Mutual funds in a 401(k) account can be used as part of a 401(k) loan, if your employer's 401(k) plan rules allow it. When you borrow from your 401(k) plan, your money is taken out of the mutual fund or other investment that you have and is used for your loan. The interest you pay goes into your 401(k), so you benefit from it, but you lose the return on the money taken out of your mutual fund.

Funds in IRAs

If you need just a short-term loan, the IRS' rollover provisions let you borrow from your individual retirement account for up to 60 days. To access the funds, you'll need to sell your mutual fund shares in your IRA. Because it's inside the IRA, the sale isn't taxable. Then, you can pull the money out and spend it as you wish. As long as you redeposit the money within 60 days, this is considered a tax-free rollover. You then can rebuy your mutual fund shares. But if you don't pay the loan back in 60 days or less it'll be treated as an early distribution, and you'll have to pay income tax and a 10 percent penalty on it.

Margin Loans

When you hold your mutual fund shares in a brokerage account, you might be able to take out a margin loan against it. Many brokerage funds let you borrow against your holdings to give you money to buy more stock, or in many cases to take out of your account.
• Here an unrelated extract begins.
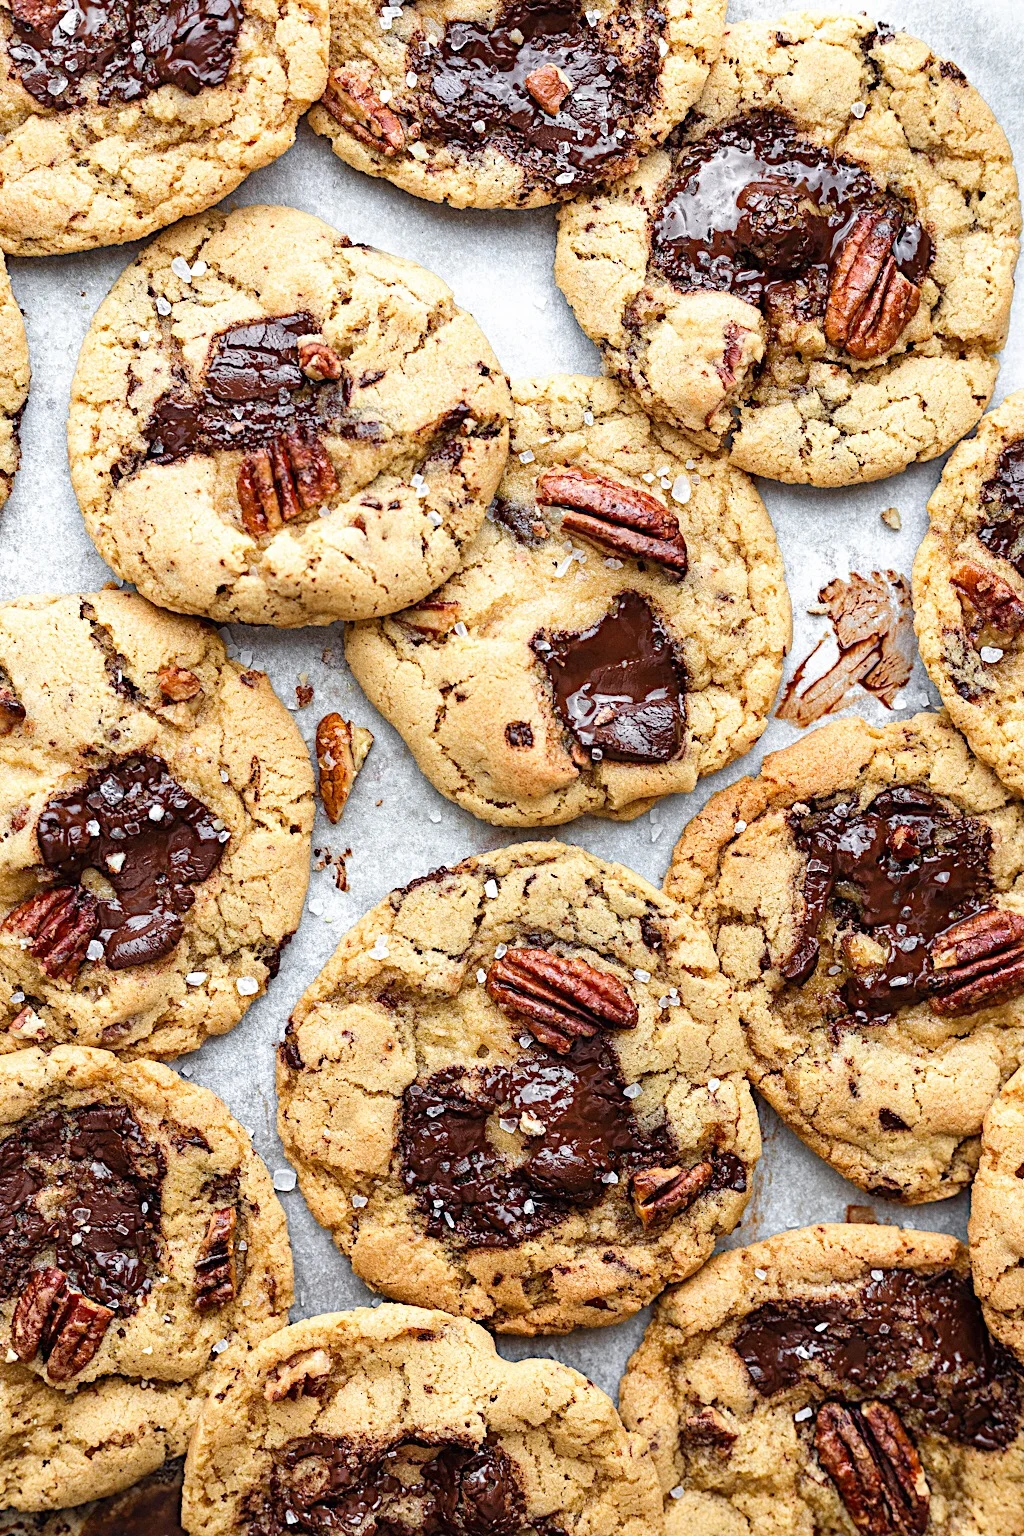 Vegan Maple Pecan Cookies #cookies #maplesyrup #pecan #vegan #dairyfree #christmas #recipe

You generally can borrow up to 50 percent of the value of your holdings, and you don't have to sell them to take out the loan.

Drawbacks to Margin

Margin loans are subject to strict requirements tied to the value of your account. Because your loan is secured by mutual fund shares whose prices vary, your broker usually wants the value of the stock in your account to be greater than the amount of your loan. If you fall below the equity requirement, the loan will be called, meaning you'll need to deposit money or else your broker will sell your mutual fund shares to pay down the loan.